Лена принесла ему из скудной поездной библиотечки все, что нашлось: «Евгения Онегина», изданного отдельной книжечкой, рассказы Джека Лондона, одинокий номер журнала «Пропагандист» за 1939 год и еще книгу, неизвестно какую, потому что ее первые и последние листы были уже раскурены.
— Прелестно, — сказал Крамин.
В первый же день рейса он прочел все. Читал он лежа на спине, низко над лицом держа книгу. Голова его дергалась при этом то вправо, то влево, так как он читал необыкновенно быстро. Казалось, что Крамин клюет книгу, как голодная курица зерно.
В поезде был обычай — перед погрузкой, готовясь к приему раненых, клали книгу на столик около каждой койки. Крамин один прочел все, что было в вагоне. По поезду пошел слух о человеке, за час глотающем книгу, которой другому хватило бы на целый рейс. Данилов, доктор Белов и сестры приносили Крамину литературу из своих собственных запасов.
И Крамин с той же быстротой и тем же углубленным интересом читал и хирургию Пирогова, и журнал «Крокодил», и роман «Ключи счастья», который принесла ему Фаина.
Когда книг не было, он снимал очки, закладывал руки под голову (ему явно доставляло удовольствие, что руками своими он может распоряжаться как хочет) и принимал участие в разговорах.
Он не был болтлив, — так, вставлял в общую беседу короткие реплики.
Он все находил прелестным.
— Прелестная каша! — говорил он, возвращая Лене пустую миску и смеясь очень светлыми, почти бесцветными глазами.
И о «Ключах счастья» он сказал Фаине:
— Прелестный роман.
— Правда? Правда?
Фаина обрадовалась, что умный человек похвалил книгу, над которой в штабном вагоне потешались.

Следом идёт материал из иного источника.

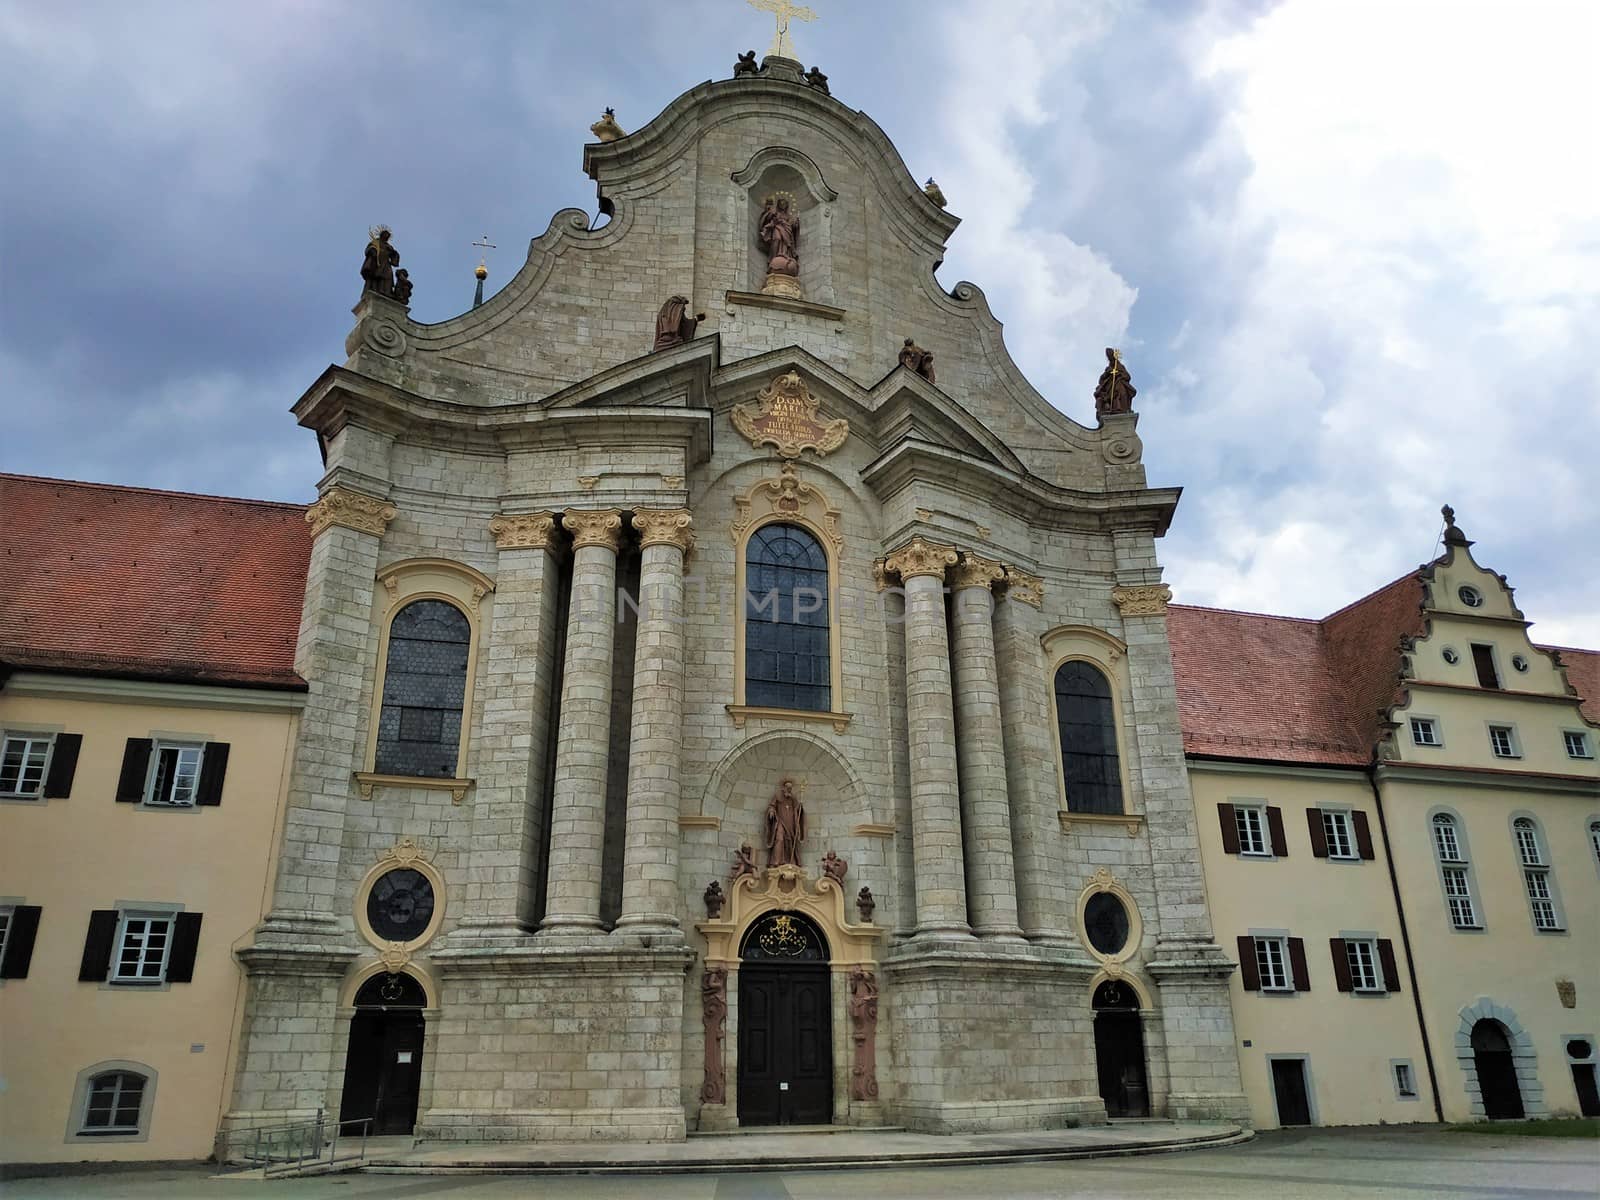 The beautiful facade of the cathedral of Zwiefalten, Germany

— Разумеется, — отвечал Крамин.
Перевязками его не мучили. Иногда он тихо и вежливо просил впрыснуть ему морфий, и ему впрыскивали охотно. Ему предстояло долго валяться в госпиталях, прежде чем встать на костыли.
История Крамина была такова. Он служил юрисконсультом на одном из самых больших и значительных заводов Ленинграда. Среди приятелей слыл книжником, театралом и сибаритом. Вел легкую и приятную жизнь. Жена у него была красавица.